» **Problem details**
Read through the listing below and copy each line in which the word "with" occurs.

Content starts

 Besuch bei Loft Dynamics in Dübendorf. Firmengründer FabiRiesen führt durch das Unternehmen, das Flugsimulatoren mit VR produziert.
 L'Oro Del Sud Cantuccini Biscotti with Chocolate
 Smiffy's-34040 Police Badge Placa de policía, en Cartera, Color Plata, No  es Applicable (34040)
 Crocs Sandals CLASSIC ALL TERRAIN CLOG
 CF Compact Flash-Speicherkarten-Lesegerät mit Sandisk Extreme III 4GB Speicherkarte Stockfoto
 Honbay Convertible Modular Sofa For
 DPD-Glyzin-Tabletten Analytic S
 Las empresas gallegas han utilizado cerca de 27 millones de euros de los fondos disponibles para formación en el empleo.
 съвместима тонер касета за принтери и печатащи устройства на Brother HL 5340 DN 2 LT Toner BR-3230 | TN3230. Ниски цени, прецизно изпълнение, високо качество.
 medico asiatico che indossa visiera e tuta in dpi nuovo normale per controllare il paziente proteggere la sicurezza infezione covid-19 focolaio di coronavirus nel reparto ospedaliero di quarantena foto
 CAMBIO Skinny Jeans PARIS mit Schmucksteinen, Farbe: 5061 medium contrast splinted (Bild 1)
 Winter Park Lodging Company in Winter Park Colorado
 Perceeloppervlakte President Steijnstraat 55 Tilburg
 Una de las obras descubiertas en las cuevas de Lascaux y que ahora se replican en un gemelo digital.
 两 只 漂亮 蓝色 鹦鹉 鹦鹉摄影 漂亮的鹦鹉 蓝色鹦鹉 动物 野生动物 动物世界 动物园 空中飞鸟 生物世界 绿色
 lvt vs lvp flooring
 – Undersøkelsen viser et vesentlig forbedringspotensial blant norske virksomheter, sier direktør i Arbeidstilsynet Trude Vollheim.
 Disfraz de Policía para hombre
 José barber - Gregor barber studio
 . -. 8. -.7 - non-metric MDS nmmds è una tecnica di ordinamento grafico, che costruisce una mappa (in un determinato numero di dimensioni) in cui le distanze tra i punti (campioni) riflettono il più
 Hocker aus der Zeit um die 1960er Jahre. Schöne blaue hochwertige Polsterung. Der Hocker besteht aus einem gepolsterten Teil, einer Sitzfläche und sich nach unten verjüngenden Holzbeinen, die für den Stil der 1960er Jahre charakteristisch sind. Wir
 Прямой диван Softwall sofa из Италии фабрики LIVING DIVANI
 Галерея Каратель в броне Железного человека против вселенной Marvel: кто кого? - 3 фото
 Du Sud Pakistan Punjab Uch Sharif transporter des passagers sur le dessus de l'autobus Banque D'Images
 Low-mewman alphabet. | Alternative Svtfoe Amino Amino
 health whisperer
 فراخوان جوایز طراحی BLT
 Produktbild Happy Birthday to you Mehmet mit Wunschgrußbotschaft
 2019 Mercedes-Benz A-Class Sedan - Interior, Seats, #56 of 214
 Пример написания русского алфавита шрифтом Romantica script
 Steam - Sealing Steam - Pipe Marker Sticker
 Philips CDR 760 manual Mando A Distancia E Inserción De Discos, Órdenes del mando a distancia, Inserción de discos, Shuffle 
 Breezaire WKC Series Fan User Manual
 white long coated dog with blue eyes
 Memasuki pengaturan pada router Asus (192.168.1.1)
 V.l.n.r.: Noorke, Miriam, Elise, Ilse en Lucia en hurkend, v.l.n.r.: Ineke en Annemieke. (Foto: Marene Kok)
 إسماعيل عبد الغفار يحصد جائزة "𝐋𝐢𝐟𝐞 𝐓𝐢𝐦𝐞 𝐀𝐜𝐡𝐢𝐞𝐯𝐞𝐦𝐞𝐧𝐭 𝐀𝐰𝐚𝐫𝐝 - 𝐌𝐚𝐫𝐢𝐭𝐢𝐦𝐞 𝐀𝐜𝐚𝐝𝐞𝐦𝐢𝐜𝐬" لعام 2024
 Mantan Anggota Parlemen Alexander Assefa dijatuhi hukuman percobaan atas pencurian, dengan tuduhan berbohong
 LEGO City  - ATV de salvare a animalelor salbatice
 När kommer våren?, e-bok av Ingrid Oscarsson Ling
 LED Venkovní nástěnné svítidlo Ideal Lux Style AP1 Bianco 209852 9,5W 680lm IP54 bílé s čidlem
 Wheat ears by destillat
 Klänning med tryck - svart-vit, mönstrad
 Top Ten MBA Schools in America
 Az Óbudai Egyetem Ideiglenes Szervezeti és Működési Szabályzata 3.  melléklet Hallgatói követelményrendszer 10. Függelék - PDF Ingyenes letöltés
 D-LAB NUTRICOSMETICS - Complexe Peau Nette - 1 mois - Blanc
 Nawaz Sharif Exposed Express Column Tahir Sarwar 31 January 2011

Content ends

» **Task output**
 L'Oro Del Sud Cantuccini Biscotti with Chocolate
 white long coated dog with blue eyes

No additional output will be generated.